AbstractThe risk profile and prognosis of patients with myelofibrosis is well described by the Dynamic International Prognostic Scoring System risk categorization. Allogeneic stem cell transplantation is considered for intermediate-2/high risk disease. However, indicators of prognosis after transplantation are still lacking. Seventy simultaneously collected pairs of trephine and blood samples were quantified for JAK2 p.V617F allele burden to compare test sensitivity. The course of 30 patients with JAK2 p.V617F-positive myeloproliferative neoplasia was correlated with allele burden after transplantation.
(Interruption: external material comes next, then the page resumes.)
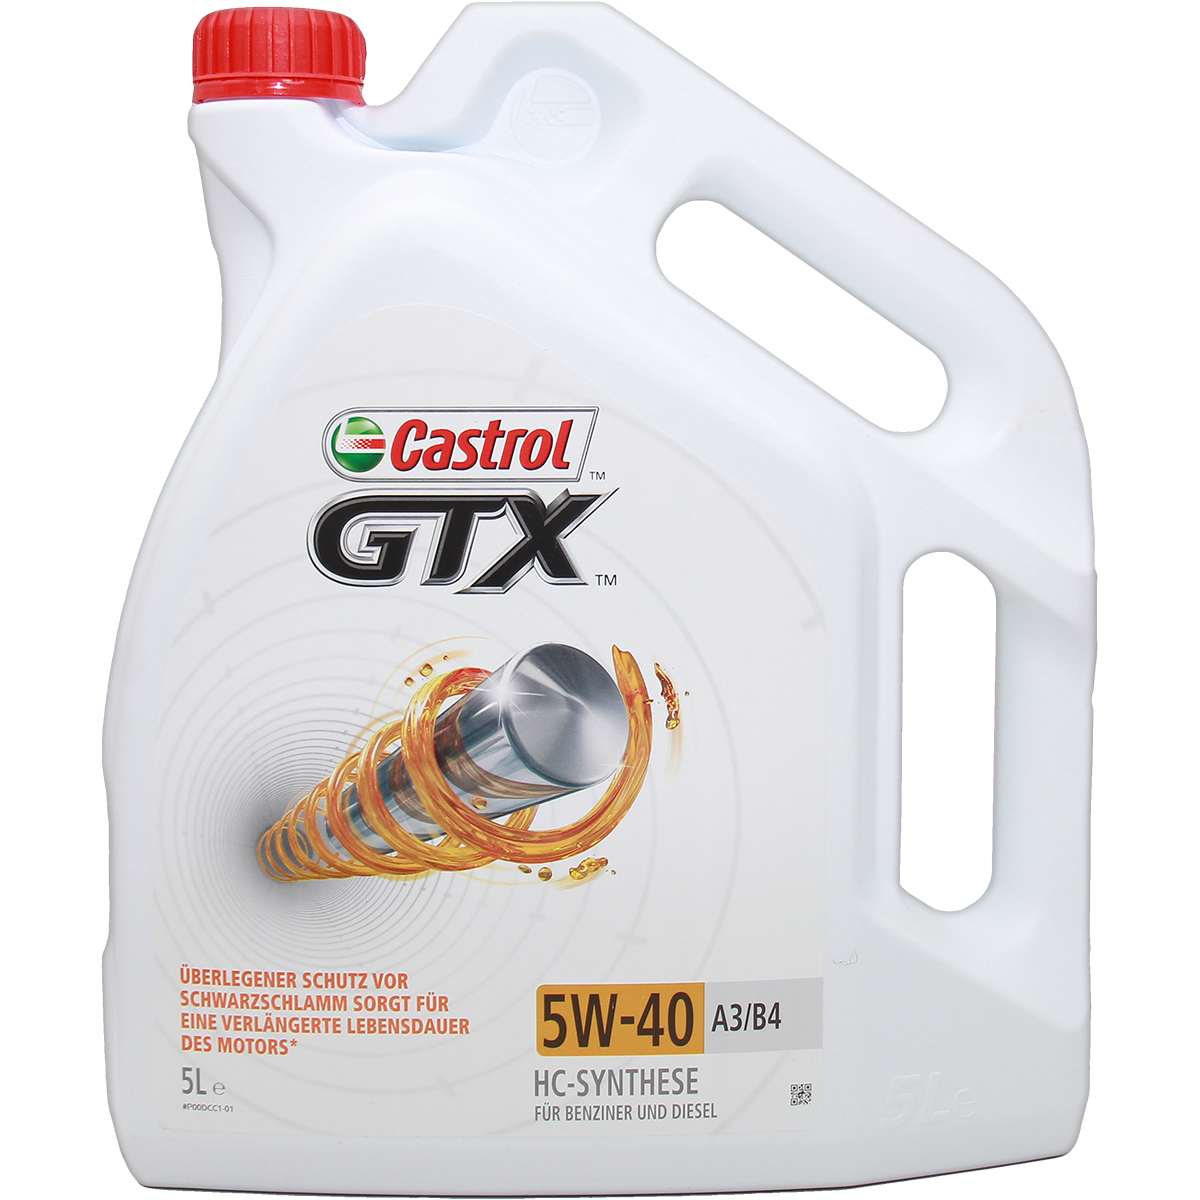 Castrol GTX 5W-40 A3/B4 5 Liter

Monitoring can be performed on full blood samples as well as trephine biopsies, provided that techniques with ample sensitivity (0.01% to 0.001%) are available. Measurement of allele burden on day 28 after transplantation discriminates two prognostic groups: patients with a JAK2 p.V617F allele burden >1% have a significantly higher risk of relapse of JAK2 p.V617F positive neoplasia (P=0.04) and a poorer overall survival (P<0.01). In conclusion, measurement of JAK2 p.V617F allele burden early after transplantation is an important predictive parameter in monitoring patients following this treatment. As this might provide an important tool in early management of imminent early relapse it will be important to define consensus guidelines for optimal monitoring.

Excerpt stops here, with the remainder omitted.